Your fourth question involves Section 2 of the Amendment which states:

The policy of Arkansas is to protect the life of every unborn child from conception until birth, to the extent permitted by the federal constitution.

It must be concluded that the answer to your fourth question is “no”. While the General Assembly could presumably pass legislation establishing the Health Department’s financial responsibility for delivery, as well as prenatal expenses, we cannot conclude from the language of Section 2 that this responsibility is created by Amendment 3 of 1988.

As an initial matter, one may successfully contend that this constitutional provision is not self-executing; rather, legislative action is required in order to effectuate the policy statement. The Arkansas Supreme Court has stated that the “self-executing” question depends upon whether the language indicates that the provision “. . . is intended as a present enactment, complete in itself as definitive legislation, or contemplates subsequent legislation to carry it into effect.” Myhand v. Erwin, 231 Ark. 444, 452, 330 S.W.2d 68 (1959), citing, 16 C.J.S. 48, p. 146. The court has repeatedly quoted the following test in making this determination:

A constitutional provision may be said to be self-executing if it supplies a sufficient rule by means of which the right given may be enjoyed and protected, or the duty imposed may be enforced; and it is not self-executing when it merely indicates principles, without laying down rules by means of which those principles may be given the force of law.

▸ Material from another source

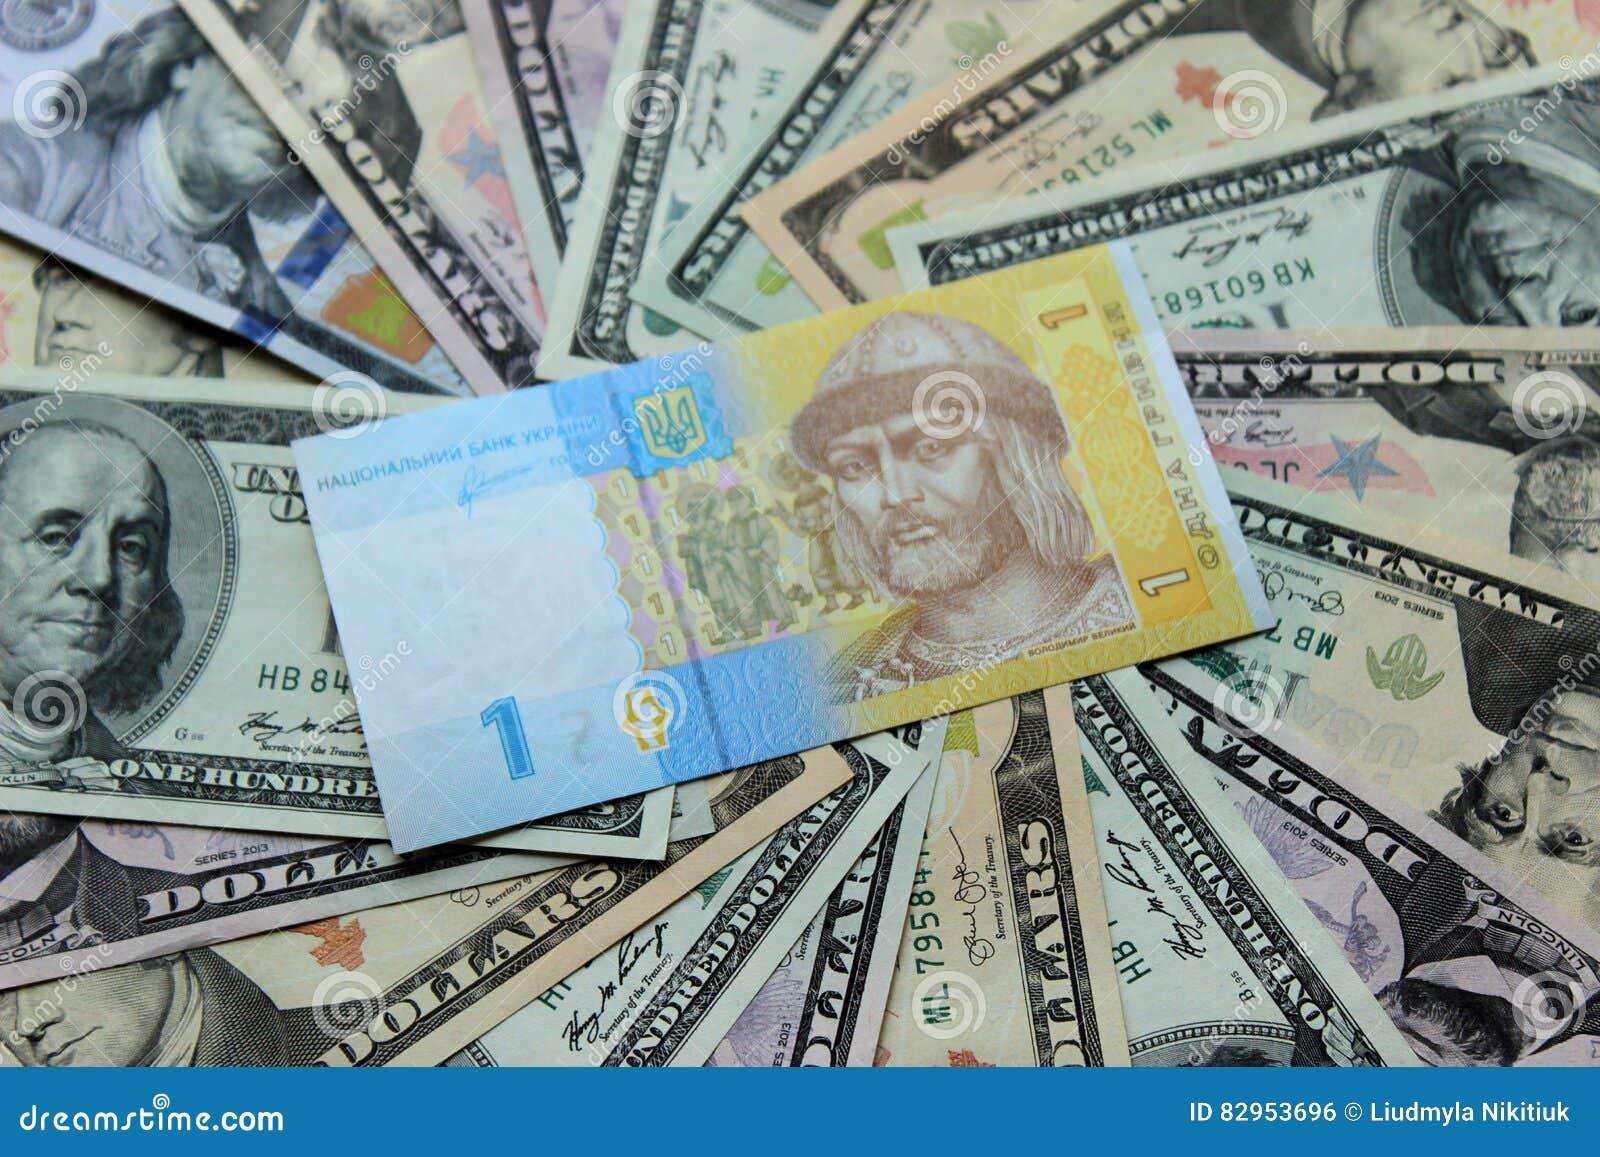 乌克兰hryvnia和美金 5000块背景票据货币模式卢布

Cooley’s Const. Lim. (7th Ed.), p. 121; see also, Griffin v. Rhoton, 85 Ark. 89, 95 107 S.W. 380
(1907); Myhand v. Erwin, supra, 231 Ark. at 452-453; Bahil v. Scribner, 265 Ark. 834, 840, 581 S.W.2d 334
(1979).

Although there is a presumption of law that every constitutional provision is self-executing, particularly where the provision in question is initiated by the people (Rockefeller v. Hogue, 244 Ark. 1029, 1033, 429 S.W.2d 85 (1968)), the general and indeterminate character of the language employed suggests that Section 2 is not self-executing.

Section 3 of the Amendment states, moreover, that “[t]his amendment will not . . . require an appropriation of public funds.” This expression of intent further compels the conclusion that the State is not financially obligated in this regard by virtue of the language of Section 2.

In response to your final question, to the extent it can be contended that certain contraceptive devices, such as the IUD and birth control pills, act to prevent implantation following conception, it must be concluded that Section 3 exempts such devices from the operation of Section 2.[1]

The plain meaning of Section 3 compels this conclusion. See, A.G. Op. No. 88-380, copy enclosed.

The foregoing opinion, which I hereby approve, was prepared by Assistant Attorney General Elisabeth A. Walker.

Sincerely,

STEVE CLARK Attorney General

SC:arb

[1] Section 3 of the Amendment states: “This amendment will not affect contraceptive or require an appropriation of public funds.”